The decision to include third party javascript is sometimes not even up to developers these days.
"A deal has been signed with company X, put their widget on the site" is something I've now heard a few times.
Arguments about the third party code greatly increasing page load time, page size, introducing security vulnerabilities etc then fall on deaf ears. High developer turnover seems to co-occur in these environments.
I don't. And I don't appreciate people injecting Google beacons on their website. Same thing with Facebook, Twitter, Disqus and all the other shit-scripts.
Would be a useful data point for a "tech stack" web crawler to monitor.
It's a shame this isn't more popular, I'd love to build a browser add-on that uses the integrity hash as the name of the script, and load them from ipfs or something.
Top sites: gov.uk, nhm.ac.uk, change.org, blogs.worldbank.org, handbrake.fr, army.mil, genome.gov, ...
0: SRI - Subresource Integrity https://developer.mozilla.org/en-US/docs/Web/Security/Subres...
Wouldn't this negate one of the benefits of a 3rd party hosted SaaS? Otherwise, you have to redeploy everytime your provider updates their lib?
Sure. 3rd party libs your code uses directly.
Haven't seen it too much with 3rd party service providers code that are somewhat outside your code boundaries. Taking 2 different popular 3rd party SaaS that are included as JS in sites as an example.
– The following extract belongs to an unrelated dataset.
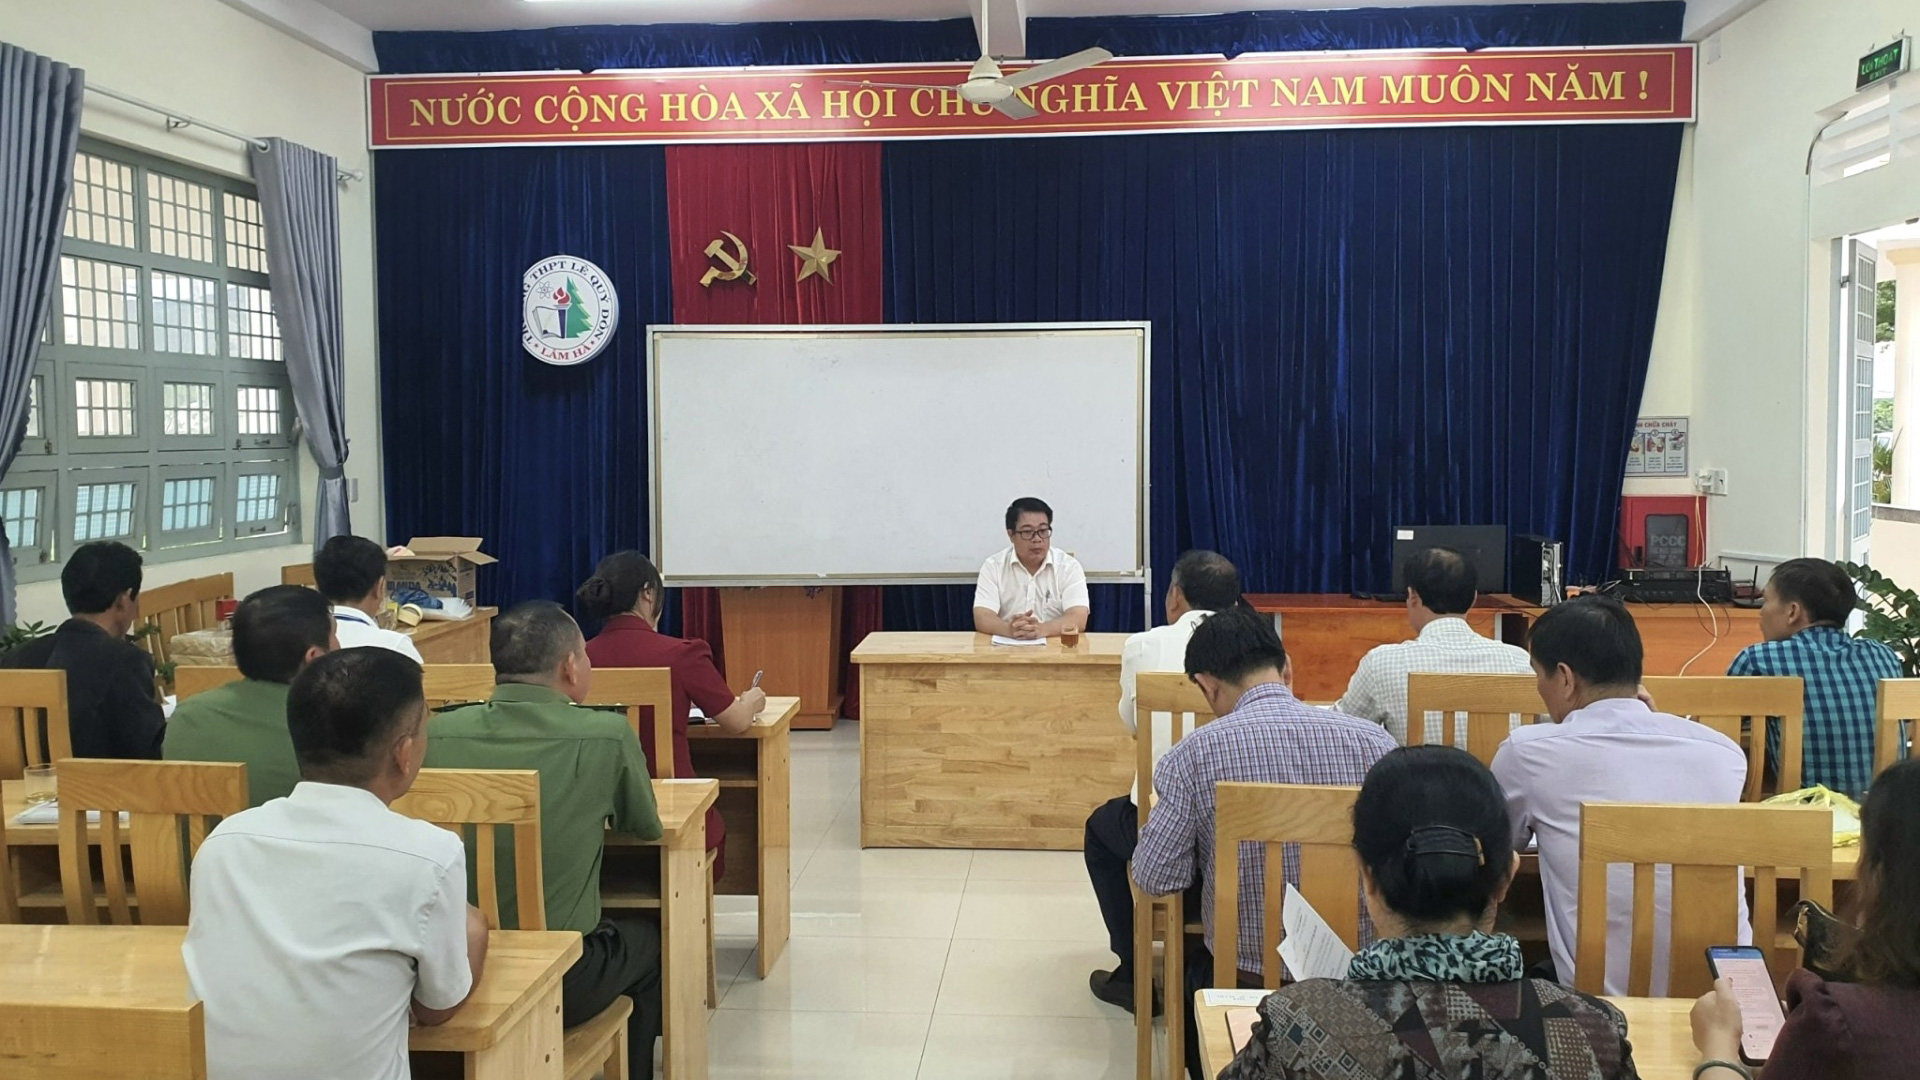 Phó Chủ tịch UBND tỉnh Lâm Đồng Nguyễn Ngọc Phúc kiểm tra tại Trường THPT Lê Quý Đôn, huyện Lâm Hà

Google Analytics uses url of https://www.google-analytics.com/analytics.js [1]
Stripe uses url of https://js.stripe.com/v3/ [2]
< Do you want a 3rd party provider to have access to hot deploy to your website?
Clearly not. Nor was this inferred.
[1] https://developers.google.com/analytics/devguides/collection... [2] https://stripe.com/docs/stripe-js/reference
How many hacks like these will we need before people stop to rethink the fundamental security model underpinning the Web? It's clearly crumbling.
Ad-tech is a giant security hole that can't be fixed without burning it all down, but BrowseAloud could be fixed.
In the previous event the code disappeared. This time it isn't what you wanted.
Given that the majority in the JS community probably have it enabled by default in their browsers, probably never...
3rd party in relation to the site. As in <script src="https://someone.elses.domain/something.js">
No. It. Won't. The issue isn't PoW/PoS but the loading of infected code into browsers. PoS may stop the need for this particular JS code to get inserted. However, PoS will hinder no other JS from being inserted.
I think you missed an opportunity to engage your parent comment more productively.
Too bad this can be abused by marketing parasites.
The author of the article is biased as he made a SaaS product for CSP reporting.
CSP reporting should be for local debugging only.
for instance, maybe the default is that an external script can read the DOM but needs extra permissions to write/modify it?
I also don't think it's a great trade-off for a variety of reasons (environment impact, possible wear and tear on user's machines, battery life on mobile devices etc.).
All your hard coded hashes fail and your 3rd party analytics, chat, etc all stop working. Is there a solution to that?